Henry went back to Whitehall Palace, his face burning and his heart pounding, hammered between frustration and calculation. If he could persuade Catalina’s parents to allow the wedding, he could claim the rest of her substantial dowry, be free of their claims for her jointure, reinforce the alliance with Spain at the very moment that he was looking to secure new alliances with Scotland and France, and perhaps, with such a young wife, get another son and heir on her. One daughter on the throne of Scotland, one daughter on the throne of France should lock both nations into peace for a lifetime. The Princess of Spain on the throne of England should keep the most Christian kings of Spain in alliance. He would have bolted the great powers of Christendom into peaceful alliance with England not just for a generation but for generations to come. They would have heirs in common; they would be safe. England would be safe. Better yet, England’s sons might inherit the kingdoms of France, of Scotland, of Spain. England might conceive its way into peace and greatness.

It made absolute sense to secure Catalina; he tried to focus on the political advantage and not think of the line of her neck nor the curve of her waist. He tried to steady his mind by thinking of the small fortune that would be saved by not having to provide her with a jointure nor with her keep, by not having to send a ship, several ships probably, to escort her home. But all he could think was that she had touched her soft mouth with her finger and told him that she did not like the lingering taste of ale. At the thought of the tip of her tongue against her lips, he groaned aloud and the groom holding the horse for him to dismount looked up and said: “Sire?”

“Bile,” the king said sourly.

It did feel like too rich a fare that was sickening him, he decided as he strode to his private apartments, courtiers eddying out of his way with sycophantic smiles. He felt that he must remember that she was little more than a child, she was his own daughter-in-law. If he listened to the good sense that had carried him so far, he should simply promise to pay her jointure, send her back to her parents, and then delay the payment till they had her married to some other kingly fool elsewhere and he could get away with paying nothing.

But at the mere thought of her married to another man he had to stop and put his hand out to the oak paneling for support.

“Your Grace?” someone asked him. “Are you ill?”

“Bile,” the king repeated. “Something I have eaten.”

His chief groom of the body came to him. “Shall I send for your physician, Your Grace?”

“No,” the king said. “But send a couple of barrels of the best wine to the Dowager Princess. She has nothing in her cellar, and when I have to visit her I should like to drink wine and not ale.”
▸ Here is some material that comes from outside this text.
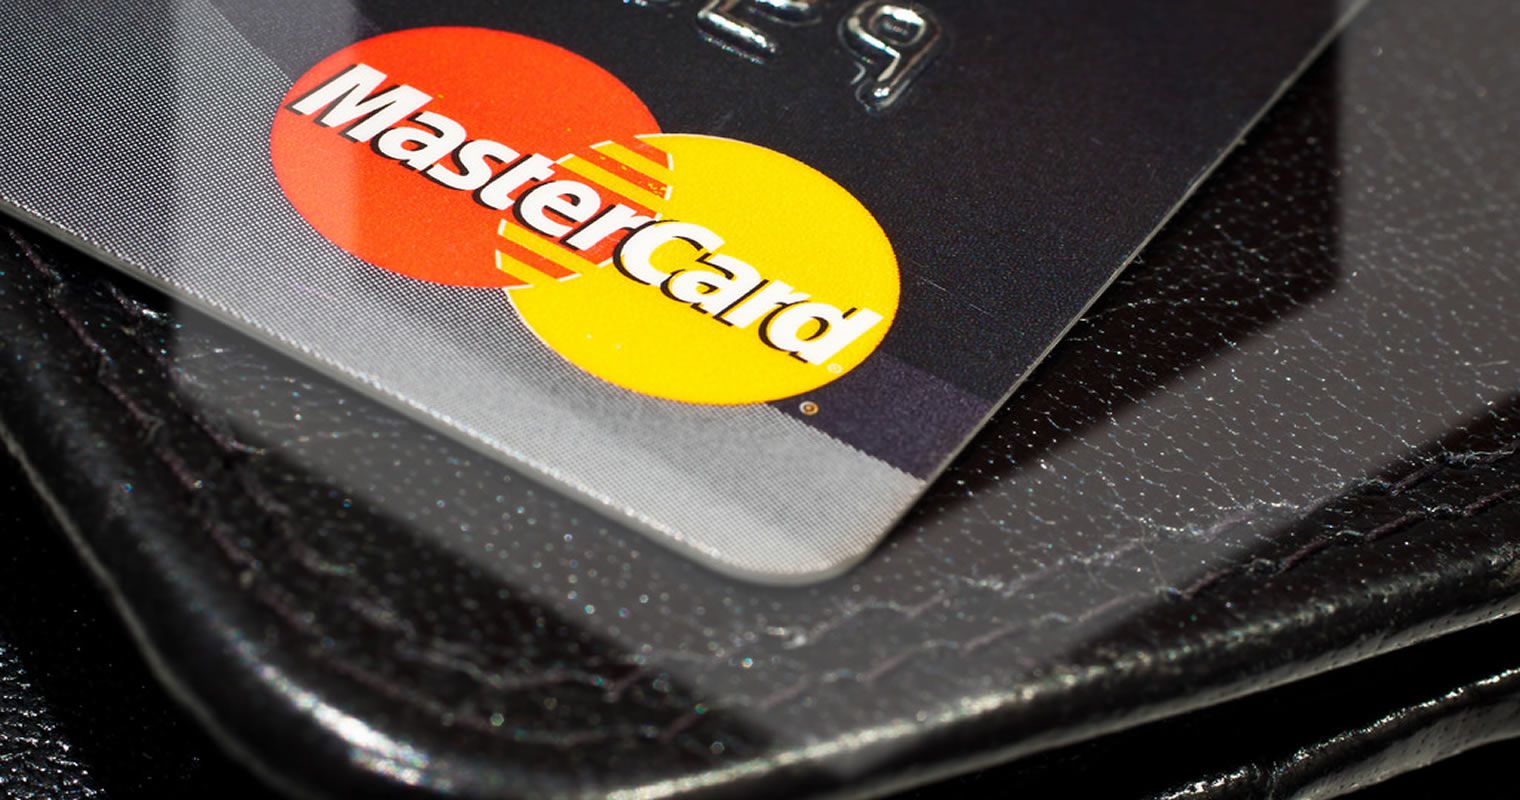 Mastercard Recognises the Influence of Cryptocurrencies
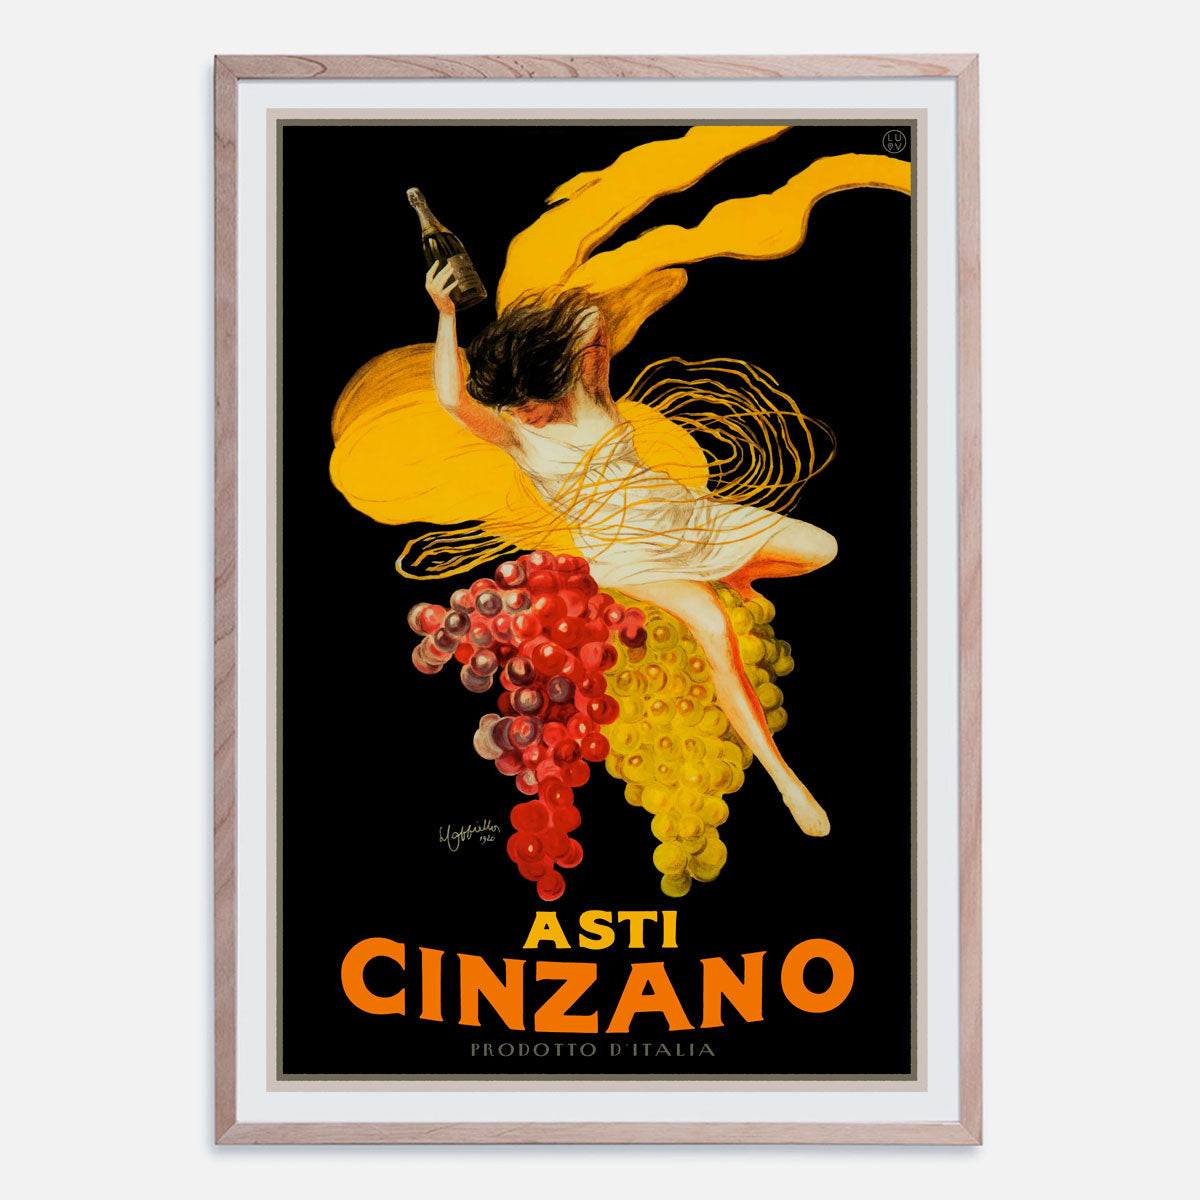 Cinzano retro advertising poster, oak frame, Italy Places we Luv

“Yes, Your Grace,” the man said, bowed, and went away. Henry straightened up and went to his rooms. They were crowded with people as usual: petitioners, courtiers, favor seekers, fortune hunters, some friends, some gentry, some noblemen attending on him for love or calculation. Henry regarded them all sourly. When he had been Henry Tudor on the run in Brittany, he had not been blessed with so many friends.

“Where is my mother?” he asked one of them.

“In her rooms, Your Grace,” the man replied.

“I shall visit her,” he said. “Let her know.”

He gave her a few moments to ready herself, and then he went to her chambers. On her daughter-in-law’s death she had moved into the apartment traditionally given to the queen. She had ordered new tapestries and new furniture and now the place was more grandly furnished than any queen had ever had before.

“I’ll announce myself,” the king said to the guard at her door and stepped in without ceremony.

Lady Margaret was seated at a table in the window, the household accounts spread before her, inspecting the costs of the royal court as if it were a well-run farm. There was very little waste and no extravagance allowed in the court run by Lady Margaret, and royal servants who had thought that some of the payments which passed through their hands might leave a little gold on the side were soon disappointed.